**Listed records**
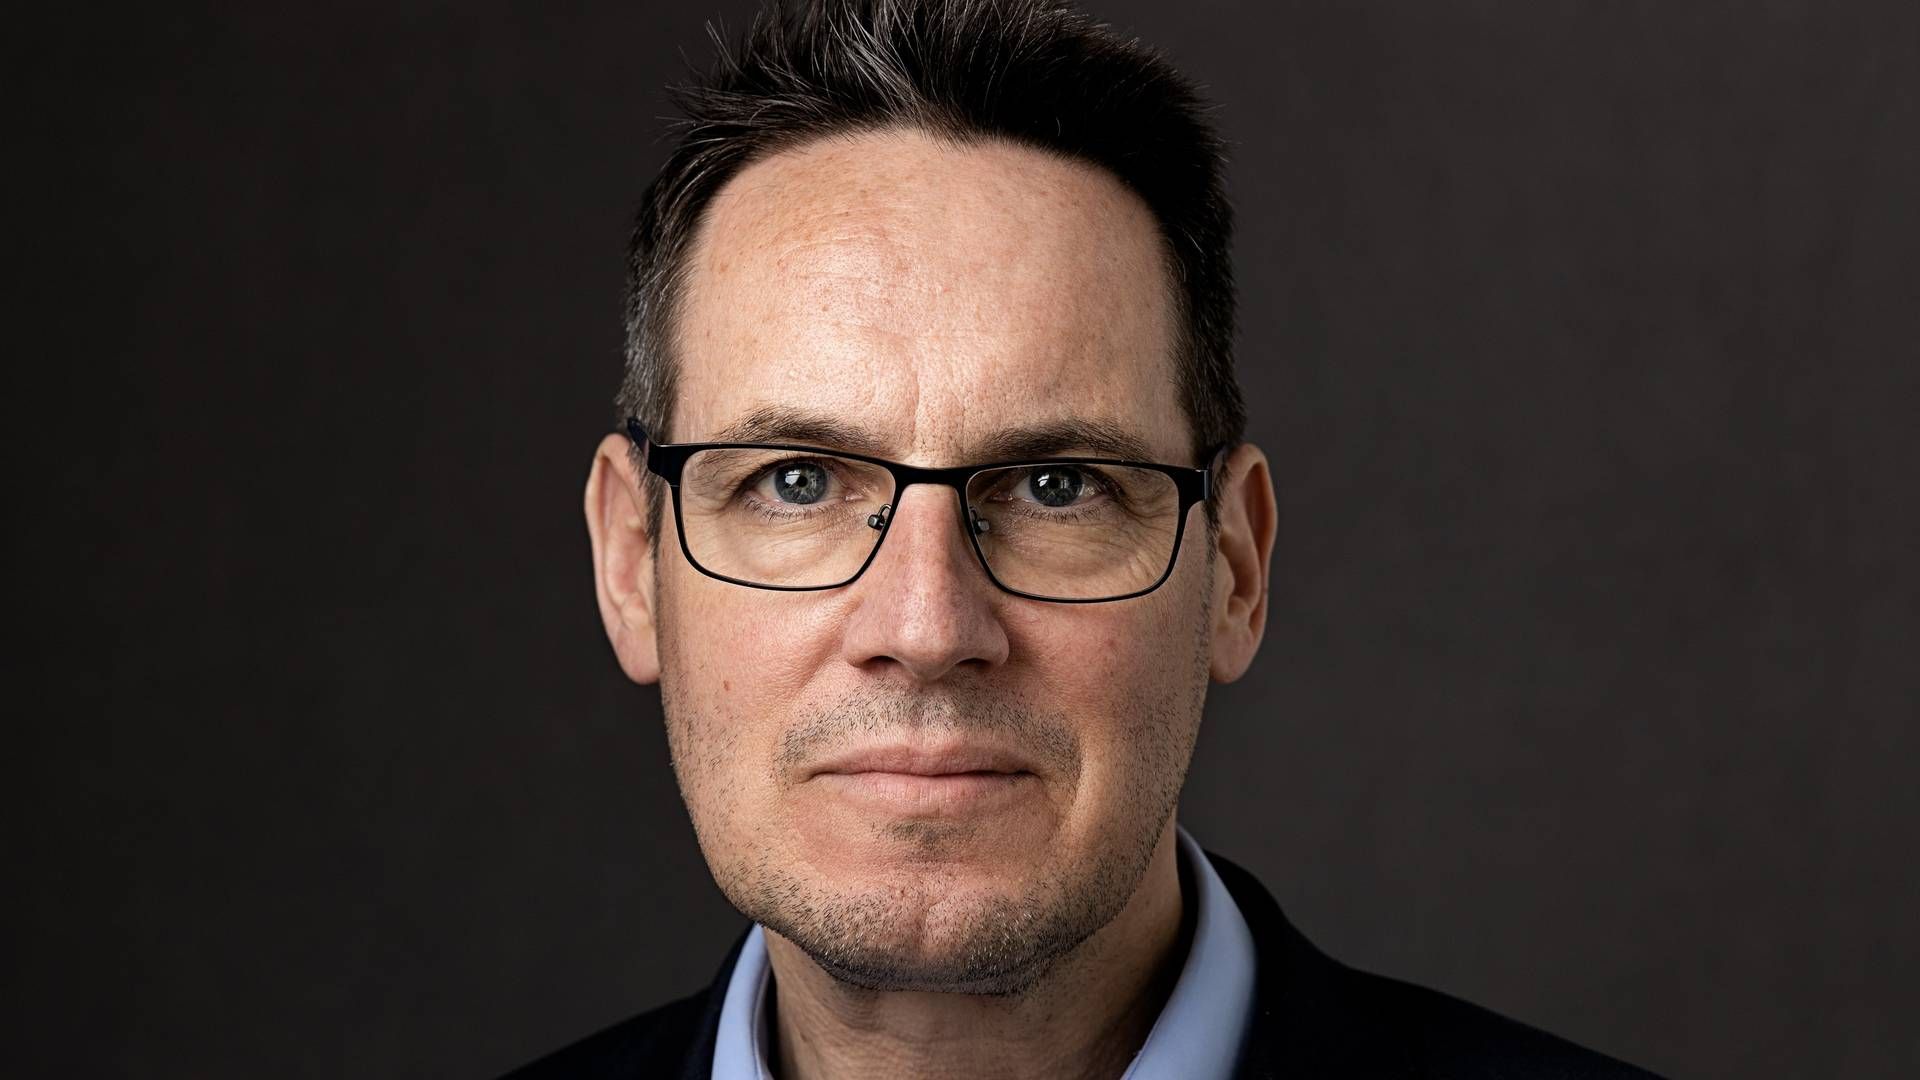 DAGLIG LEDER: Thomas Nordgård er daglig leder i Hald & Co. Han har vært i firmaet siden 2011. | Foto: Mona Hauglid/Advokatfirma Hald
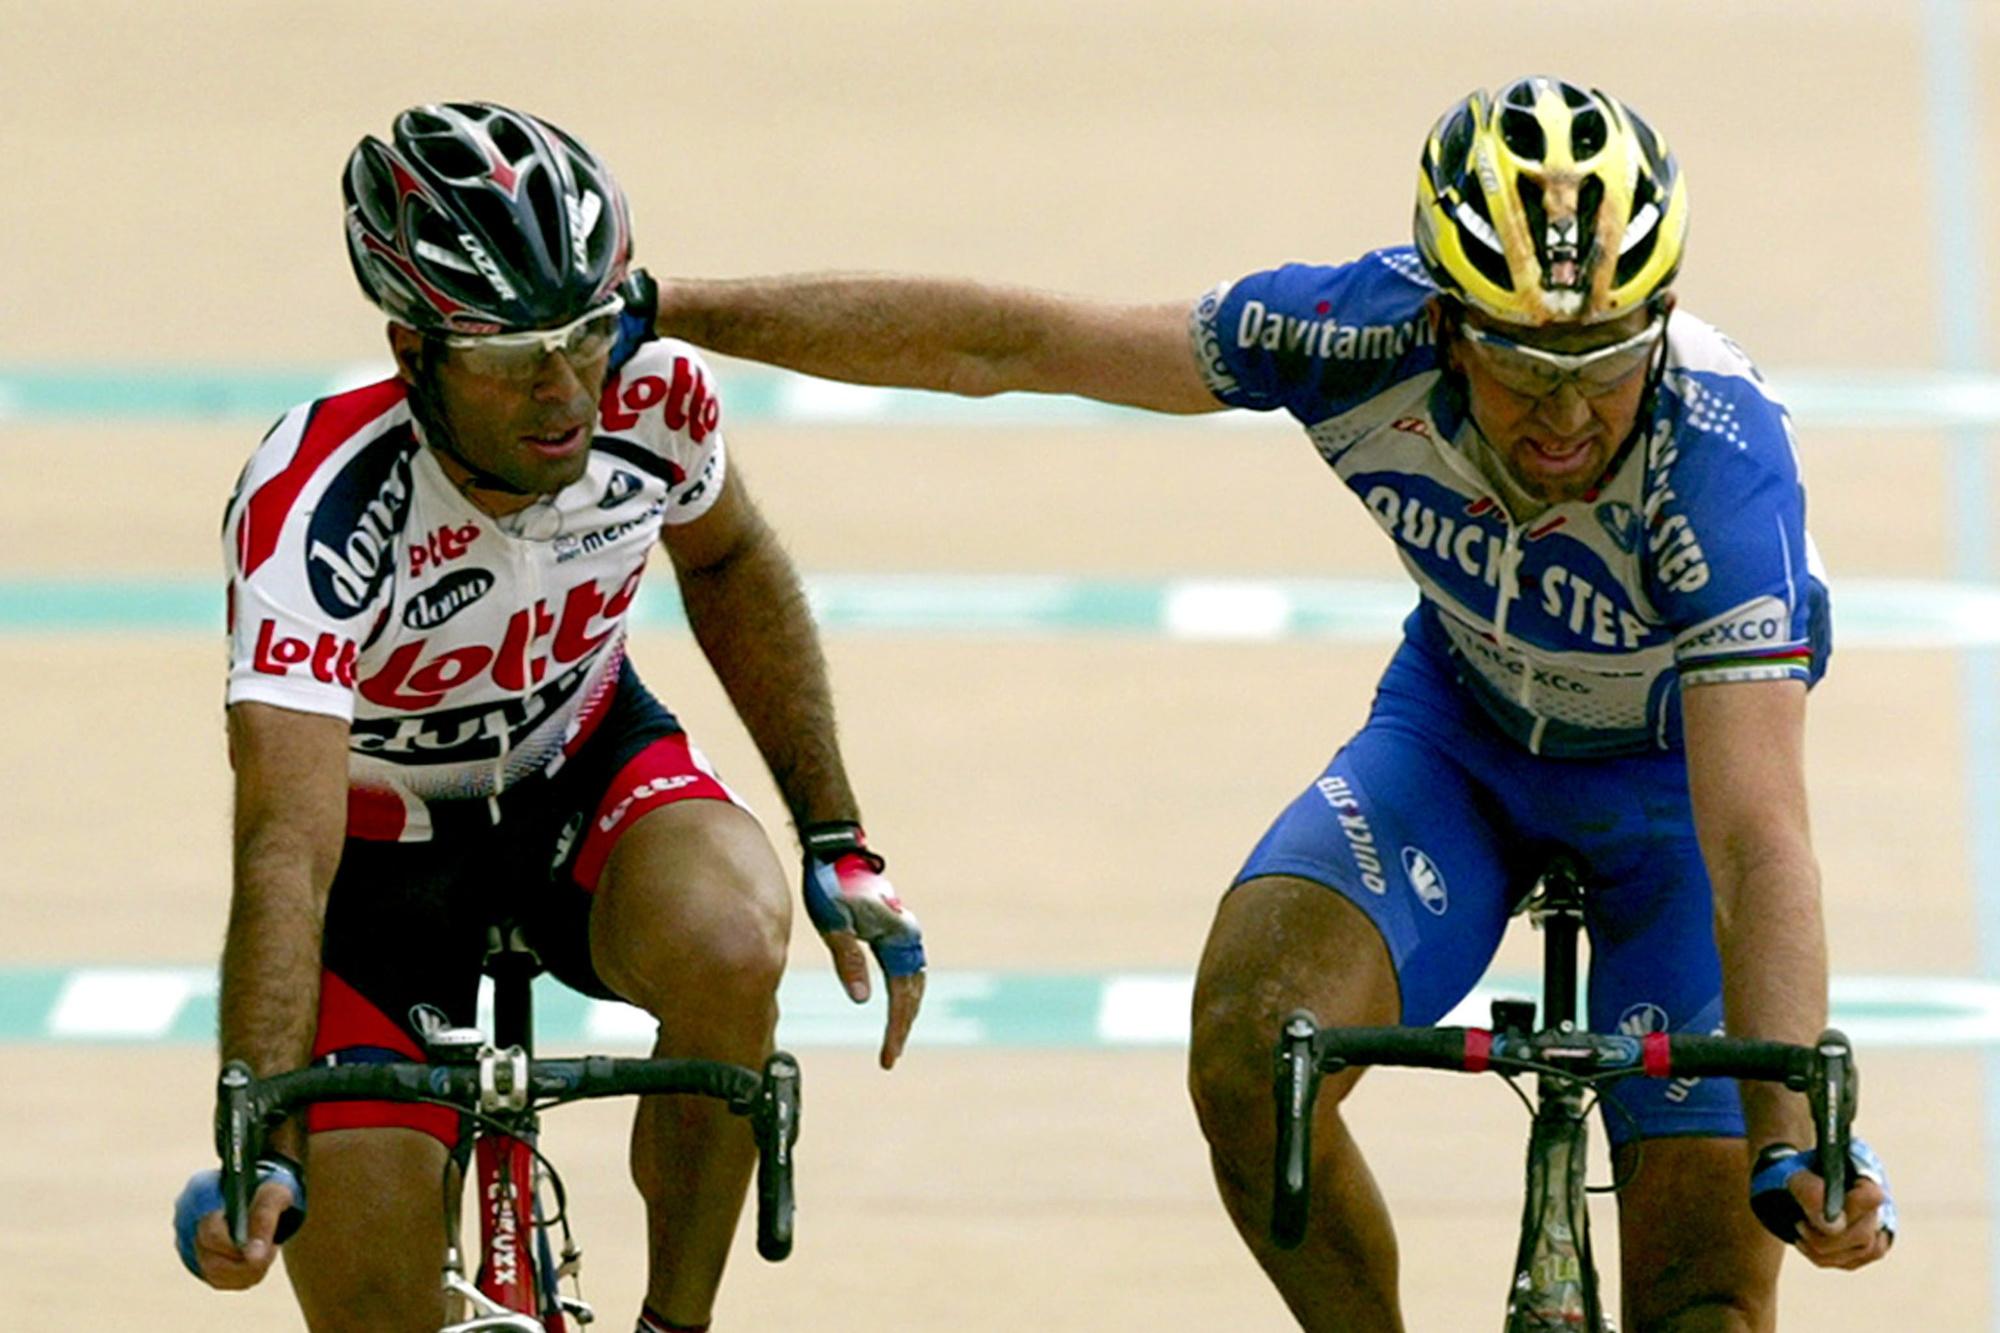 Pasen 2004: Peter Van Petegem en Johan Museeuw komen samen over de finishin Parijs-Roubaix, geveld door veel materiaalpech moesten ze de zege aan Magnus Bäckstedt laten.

---

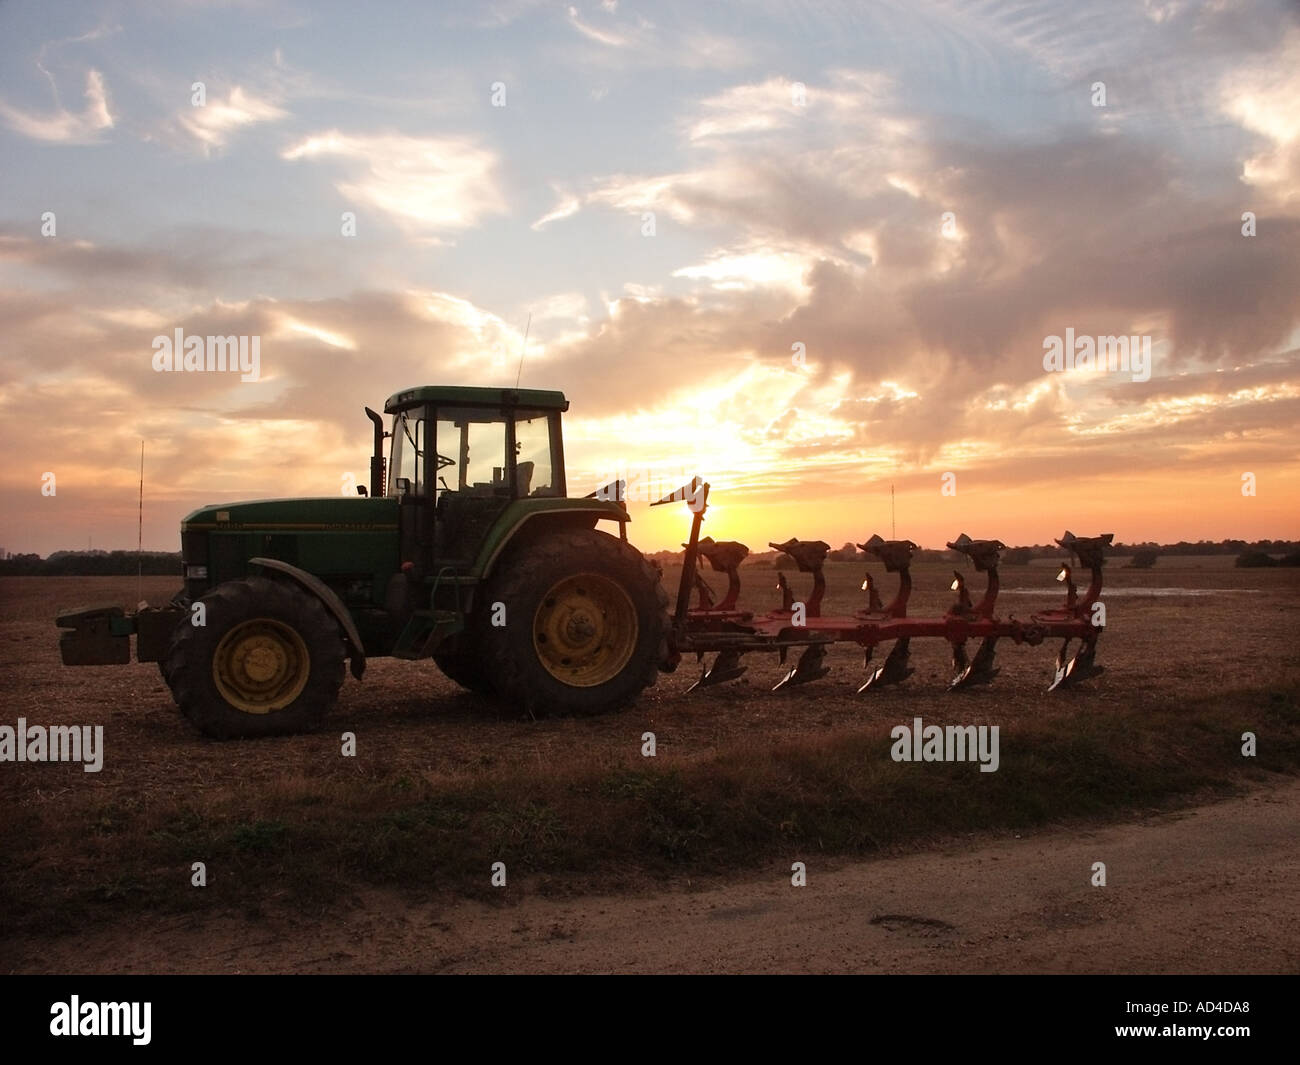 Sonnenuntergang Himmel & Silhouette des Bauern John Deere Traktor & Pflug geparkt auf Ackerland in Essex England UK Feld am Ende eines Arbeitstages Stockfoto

--

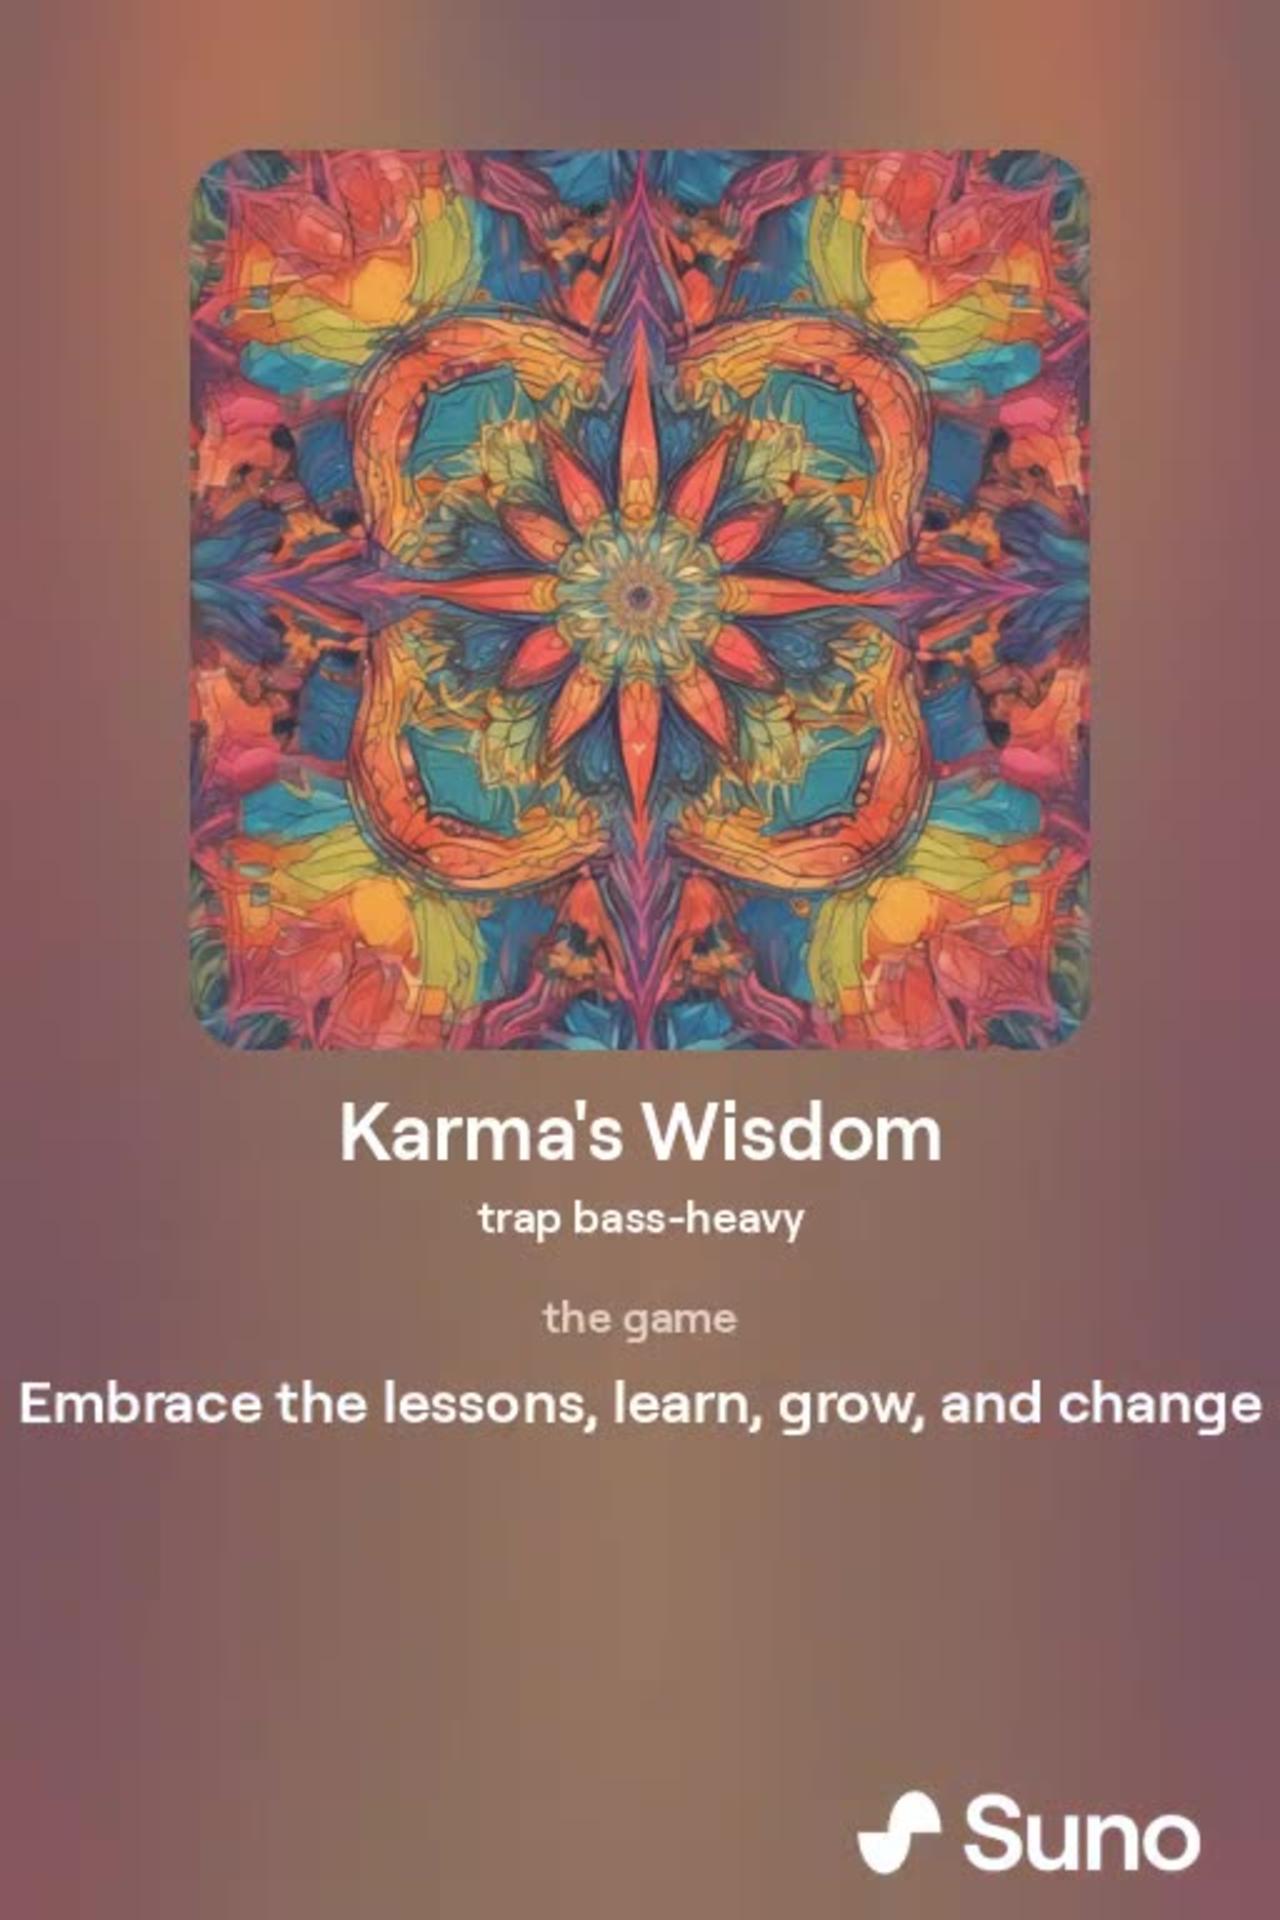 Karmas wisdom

**What is being asked**
Working from the entries above, please transcribe only the lines from the line with "DAGLIG LEDER: Thomas" through the line with "Pasen 2004: Peter", exactly, with both end lines and without pictures.

**Result of the task**
 DAGLIG LEDER: Thomas Nordgård er daglig leder i Hald & Co. Han har vært i firmaet siden 2011. | Foto: Mona Hauglid/Advokatfirma Hald
 Pasen 2004: Peter Van Petegem en Johan Museeuw komen samen over de finishin Parijs-Roubaix, geveld door veel materiaalpech moesten ze de zege aan Magnus Bäckstedt laten.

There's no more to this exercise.